▸ **Task goal**
In the records below, the line with "Available in a" opens the range and the line with "Twin10G Amazingly Fast" closes it; print that range exactly and nothing else.

[Extracted records]
################
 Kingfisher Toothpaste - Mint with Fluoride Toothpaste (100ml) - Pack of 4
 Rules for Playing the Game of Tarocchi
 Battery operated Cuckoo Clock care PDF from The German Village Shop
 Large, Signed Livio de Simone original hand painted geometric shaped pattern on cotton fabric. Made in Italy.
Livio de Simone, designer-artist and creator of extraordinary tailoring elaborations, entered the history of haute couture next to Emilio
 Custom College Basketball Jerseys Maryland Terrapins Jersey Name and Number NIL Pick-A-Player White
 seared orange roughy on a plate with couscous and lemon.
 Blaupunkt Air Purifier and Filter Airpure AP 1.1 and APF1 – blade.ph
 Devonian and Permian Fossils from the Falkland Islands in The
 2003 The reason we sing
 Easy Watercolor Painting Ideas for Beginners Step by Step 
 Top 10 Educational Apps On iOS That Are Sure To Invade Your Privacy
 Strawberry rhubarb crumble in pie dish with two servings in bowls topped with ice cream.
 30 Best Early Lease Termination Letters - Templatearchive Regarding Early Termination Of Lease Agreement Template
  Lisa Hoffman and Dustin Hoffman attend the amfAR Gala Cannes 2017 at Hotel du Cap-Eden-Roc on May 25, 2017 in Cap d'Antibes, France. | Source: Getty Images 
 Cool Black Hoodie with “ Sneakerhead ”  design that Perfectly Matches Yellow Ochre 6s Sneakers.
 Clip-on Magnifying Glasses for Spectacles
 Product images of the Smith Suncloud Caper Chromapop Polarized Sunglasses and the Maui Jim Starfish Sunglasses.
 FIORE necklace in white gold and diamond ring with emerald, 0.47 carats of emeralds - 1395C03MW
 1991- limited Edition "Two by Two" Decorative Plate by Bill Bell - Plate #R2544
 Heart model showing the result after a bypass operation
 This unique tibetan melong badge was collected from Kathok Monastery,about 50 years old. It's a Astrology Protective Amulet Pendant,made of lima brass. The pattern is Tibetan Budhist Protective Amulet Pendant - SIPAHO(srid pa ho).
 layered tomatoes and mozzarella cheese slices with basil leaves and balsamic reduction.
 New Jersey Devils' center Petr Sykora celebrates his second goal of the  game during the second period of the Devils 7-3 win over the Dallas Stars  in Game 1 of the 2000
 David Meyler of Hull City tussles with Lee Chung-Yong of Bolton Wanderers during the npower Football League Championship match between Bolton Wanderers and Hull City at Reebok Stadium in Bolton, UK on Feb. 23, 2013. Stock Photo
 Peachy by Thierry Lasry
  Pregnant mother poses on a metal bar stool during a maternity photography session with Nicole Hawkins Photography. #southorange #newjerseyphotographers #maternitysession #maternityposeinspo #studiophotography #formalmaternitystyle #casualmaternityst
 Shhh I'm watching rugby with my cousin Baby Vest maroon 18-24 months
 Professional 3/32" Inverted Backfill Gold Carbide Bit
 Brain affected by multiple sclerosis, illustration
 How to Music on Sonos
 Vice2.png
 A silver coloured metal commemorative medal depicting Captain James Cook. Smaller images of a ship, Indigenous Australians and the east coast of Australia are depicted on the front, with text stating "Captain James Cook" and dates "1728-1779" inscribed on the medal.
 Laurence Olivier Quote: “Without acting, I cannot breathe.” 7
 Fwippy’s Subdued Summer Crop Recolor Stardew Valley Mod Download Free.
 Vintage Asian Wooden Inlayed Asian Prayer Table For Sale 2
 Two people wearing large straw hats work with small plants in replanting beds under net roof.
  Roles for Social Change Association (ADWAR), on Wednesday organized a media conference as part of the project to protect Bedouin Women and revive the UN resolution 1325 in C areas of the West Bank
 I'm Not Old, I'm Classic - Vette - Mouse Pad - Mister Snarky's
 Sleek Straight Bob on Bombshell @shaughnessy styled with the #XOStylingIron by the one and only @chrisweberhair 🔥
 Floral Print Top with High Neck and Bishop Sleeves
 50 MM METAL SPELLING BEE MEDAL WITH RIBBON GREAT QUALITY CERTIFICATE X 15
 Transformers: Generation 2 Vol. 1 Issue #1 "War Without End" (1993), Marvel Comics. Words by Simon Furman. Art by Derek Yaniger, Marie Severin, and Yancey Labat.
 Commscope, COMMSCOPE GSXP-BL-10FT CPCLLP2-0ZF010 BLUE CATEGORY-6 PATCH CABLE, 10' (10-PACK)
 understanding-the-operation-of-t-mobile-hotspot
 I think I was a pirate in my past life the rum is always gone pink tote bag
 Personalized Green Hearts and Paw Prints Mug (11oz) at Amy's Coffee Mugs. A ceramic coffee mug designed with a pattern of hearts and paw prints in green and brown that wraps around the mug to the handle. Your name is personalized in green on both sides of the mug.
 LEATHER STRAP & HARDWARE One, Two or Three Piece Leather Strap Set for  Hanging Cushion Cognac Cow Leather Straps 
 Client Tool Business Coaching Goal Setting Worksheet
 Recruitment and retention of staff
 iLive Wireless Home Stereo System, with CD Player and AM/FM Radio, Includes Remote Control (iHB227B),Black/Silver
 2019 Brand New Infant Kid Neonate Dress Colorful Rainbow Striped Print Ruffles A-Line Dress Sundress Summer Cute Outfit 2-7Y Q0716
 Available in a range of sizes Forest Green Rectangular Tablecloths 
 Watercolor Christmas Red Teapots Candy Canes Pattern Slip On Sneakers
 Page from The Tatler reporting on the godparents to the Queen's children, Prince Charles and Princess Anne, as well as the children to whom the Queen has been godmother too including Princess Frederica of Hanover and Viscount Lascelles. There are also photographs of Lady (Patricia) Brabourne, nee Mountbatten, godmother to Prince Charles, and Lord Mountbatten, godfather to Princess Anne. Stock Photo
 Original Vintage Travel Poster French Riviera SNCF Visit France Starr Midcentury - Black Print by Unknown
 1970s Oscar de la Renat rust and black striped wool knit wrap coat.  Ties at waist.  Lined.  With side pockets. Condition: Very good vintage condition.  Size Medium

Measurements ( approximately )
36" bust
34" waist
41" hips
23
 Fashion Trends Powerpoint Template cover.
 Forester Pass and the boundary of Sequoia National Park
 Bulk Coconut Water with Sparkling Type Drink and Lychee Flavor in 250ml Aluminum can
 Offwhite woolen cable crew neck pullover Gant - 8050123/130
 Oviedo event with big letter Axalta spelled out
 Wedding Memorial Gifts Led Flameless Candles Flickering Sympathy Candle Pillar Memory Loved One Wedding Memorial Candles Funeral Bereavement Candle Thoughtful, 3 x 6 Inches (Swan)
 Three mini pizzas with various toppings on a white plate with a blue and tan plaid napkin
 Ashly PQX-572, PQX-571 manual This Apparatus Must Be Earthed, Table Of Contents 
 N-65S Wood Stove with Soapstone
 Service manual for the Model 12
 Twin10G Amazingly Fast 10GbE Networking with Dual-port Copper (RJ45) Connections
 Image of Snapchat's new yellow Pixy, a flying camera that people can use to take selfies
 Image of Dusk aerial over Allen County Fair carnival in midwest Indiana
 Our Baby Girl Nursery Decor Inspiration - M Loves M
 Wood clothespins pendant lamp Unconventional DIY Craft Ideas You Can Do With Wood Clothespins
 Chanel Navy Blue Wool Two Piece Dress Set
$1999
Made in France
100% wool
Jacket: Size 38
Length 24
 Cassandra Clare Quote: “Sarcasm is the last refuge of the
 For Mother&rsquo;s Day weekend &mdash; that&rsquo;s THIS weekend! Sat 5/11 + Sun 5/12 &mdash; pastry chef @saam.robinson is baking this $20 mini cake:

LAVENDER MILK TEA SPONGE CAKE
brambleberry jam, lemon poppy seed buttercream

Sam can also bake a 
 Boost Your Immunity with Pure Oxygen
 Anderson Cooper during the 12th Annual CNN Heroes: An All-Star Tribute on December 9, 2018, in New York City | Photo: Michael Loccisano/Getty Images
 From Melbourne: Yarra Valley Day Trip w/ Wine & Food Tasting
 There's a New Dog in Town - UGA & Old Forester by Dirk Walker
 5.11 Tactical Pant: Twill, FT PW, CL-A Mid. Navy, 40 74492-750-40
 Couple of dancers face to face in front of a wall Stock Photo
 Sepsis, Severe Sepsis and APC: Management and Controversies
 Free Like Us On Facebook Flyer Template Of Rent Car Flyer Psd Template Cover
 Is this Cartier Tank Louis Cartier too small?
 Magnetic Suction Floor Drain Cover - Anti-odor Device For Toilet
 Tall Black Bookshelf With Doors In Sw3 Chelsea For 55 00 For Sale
################
▸ **Completed exercise**
 Available in a range of sizes Forest Green Rectangular Tablecloths 
 Watercolor Christmas Red Teapots Candy Canes Pattern Slip On Sneakers
 Page from The Tatler reporting on the godparents to the Queen's children, Prince Charles and Princess Anne, as well as the children to whom the Queen has been godmother too including Princess Frederica of Hanover and Viscount Lascelles. There are also photographs of Lady (Patricia) Brabourne, nee Mountbatten, godmother to Prince Charles, and Lord Mountbatten, godfather to Princess Anne. Stock Photo
 Original Vintage Travel Poster French Riviera SNCF Visit France Starr Midcentury - Black Print by Unknown
 1970s Oscar de la Renat rust and black striped wool knit wrap coat.  Ties at waist.  Lined.  With side pockets. Condition: Very good vintage condition.  Size Medium

Measurements ( approximately )
36" bust
34" waist
41" hips
23
 Fashion Trends Powerpoint Template cover.
 Forester Pass and the boundary of Sequoia National Park
 Bulk Coconut Water with Sparkling Type Drink and Lychee Flavor in 250ml Aluminum can
 Offwhite woolen cable crew neck pullover Gant - 8050123/130
 Oviedo event with big letter Axalta spelled out
 Wedding Memorial Gifts Led Flameless Candles Flickering Sympathy Candle Pillar Memory Loved One Wedding Memorial Candles Funeral Bereavement Candle Thoughtful, 3 x 6 Inches (Swan)
 Three mini pizzas with various toppings on a white plate with a blue and tan plaid napkin
 Ashly PQX-572, PQX-571 manual This Apparatus Must Be Earthed, Table Of Contents 
 N-65S Wood Stove with Soapstone
 Service manual for the Model 12
 Twin10G Amazingly Fast 10GbE Networking with Dual-port Copper (RJ45) Connections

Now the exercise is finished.